核心概念
DOCMASTER is a unified platform designed to enable users to annotate PDF documents, train layout-aware and text-only models for document question-answering, and deploy the trained models for inference, all while preserving data privacy.
摘要
DOCMASTER is a unified platform that addresses the challenges of working with PDF documents for document question-answering (QA) tasks. The platform consists of three main interfaces:
Annotation Interface:
- Allows users to upload PDF documents, input questions, and highlight relevant text spans as answers.
- Leverages PDF.js for frontend rendering and PyMuPDF in the backend to accurately capture layout information of the highlighted text.
- Provides a robust method for mapping user selections from the PDF.js context to the PyMuPDF context.
Training Interface:
- Enables users to select annotated documents from different sessions to train both layout-aware and text-only models using the Hugging Face transformers library.
- Stores annotations and trained model weights in a local SQL database, ensuring privacy.
Inference Interface:
- Allows users to upload new PDF documents, select a trained model, and receive highlighted answers to their questions within the PDF.
- Utilizes the layout information captured during annotation to provide a user-friendly experience, highlighting the relevant text spans in the PDF.

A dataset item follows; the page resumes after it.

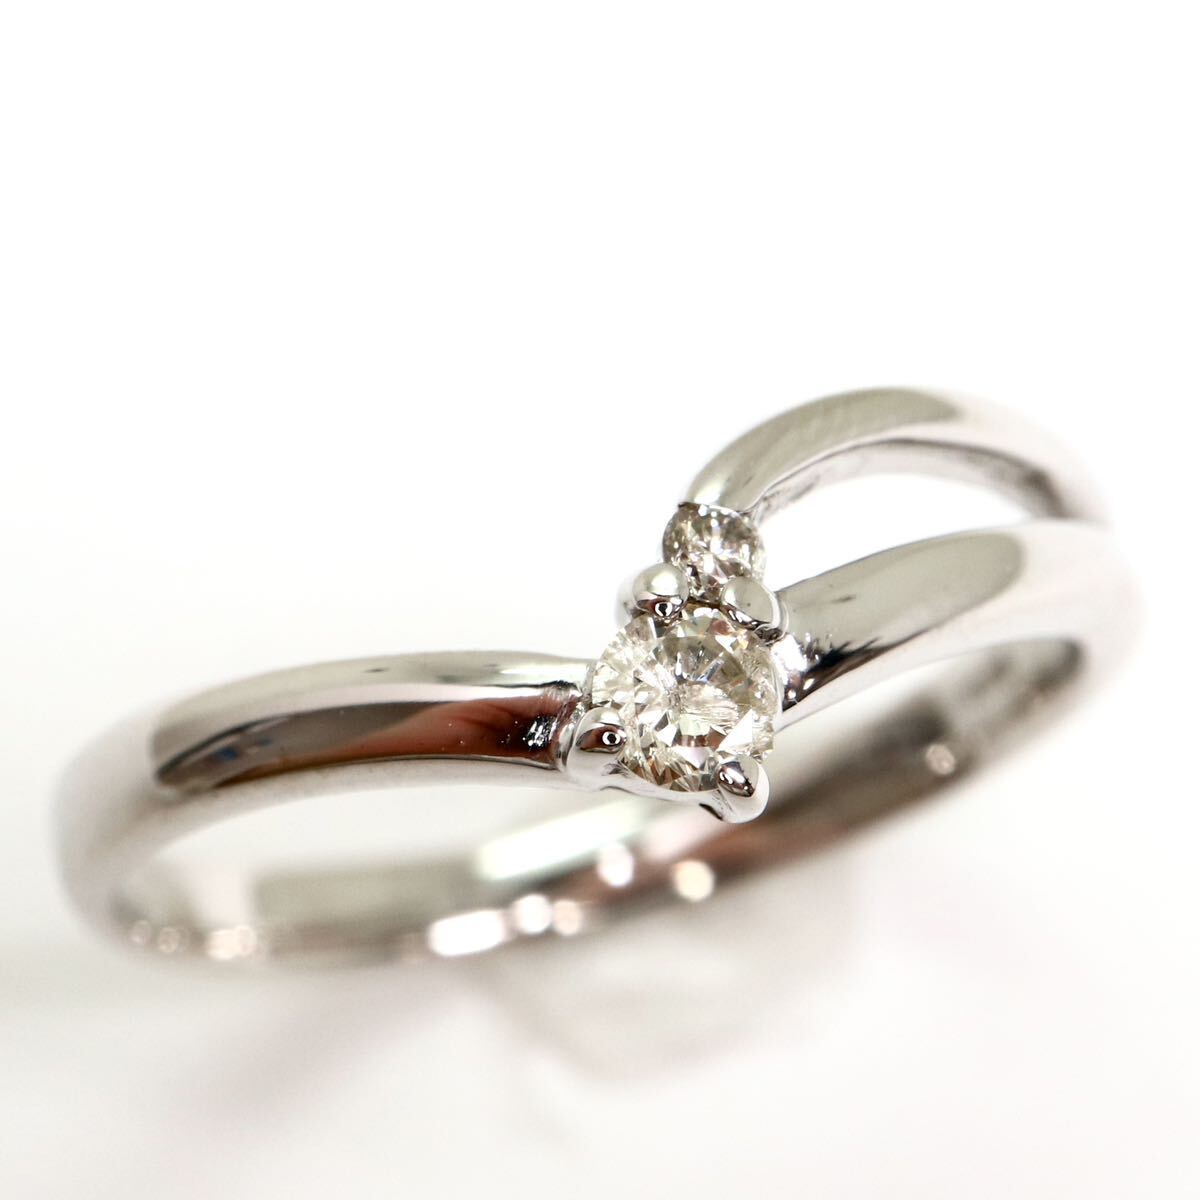 {K18WG натуральный бриллиантовое кольцо }M 2.5g 0.1ct примерно 11 номер ювелирные изделия jewelry ring кольцо diamond EB4/EB4

The authors deployed DOCMASTER at the University of California San Diego's International Services and Engagement Office (ISEO) to streamline the processing of supporting documents for student work permit applications. Compared to the manual review process, DOCMASTER led to a seven-fold increase in the average number of documents processed per hour, while also preserving the privacy of sensitive information.
統計資料
The authors report the following performance metrics on a test set of 128 applications (1024 questions):
Exact Match Accuracy (Acc): 76.23% for RoBERTa-base, 75.98% for LayoutLM-base
F1-score (F1): 83.77% for RoBERTa-base, 83.07% for LayoutLM-base
Correctness (Corr): 93.56% for RoBERTa-base, 93.36% for LayoutLM-base
Average Bounding Box Distance (Dist): 1.13% for RoBERTa-base, 1.86% for LayoutLM-base
The authors also measured the throughput of the RoBERTa-base model deployed on an AMD EPYC 7453 28-Core Processor, which resulted in a seven-fold increase in the number of supporting documents that can be reviewed per hour, from 15 to 100.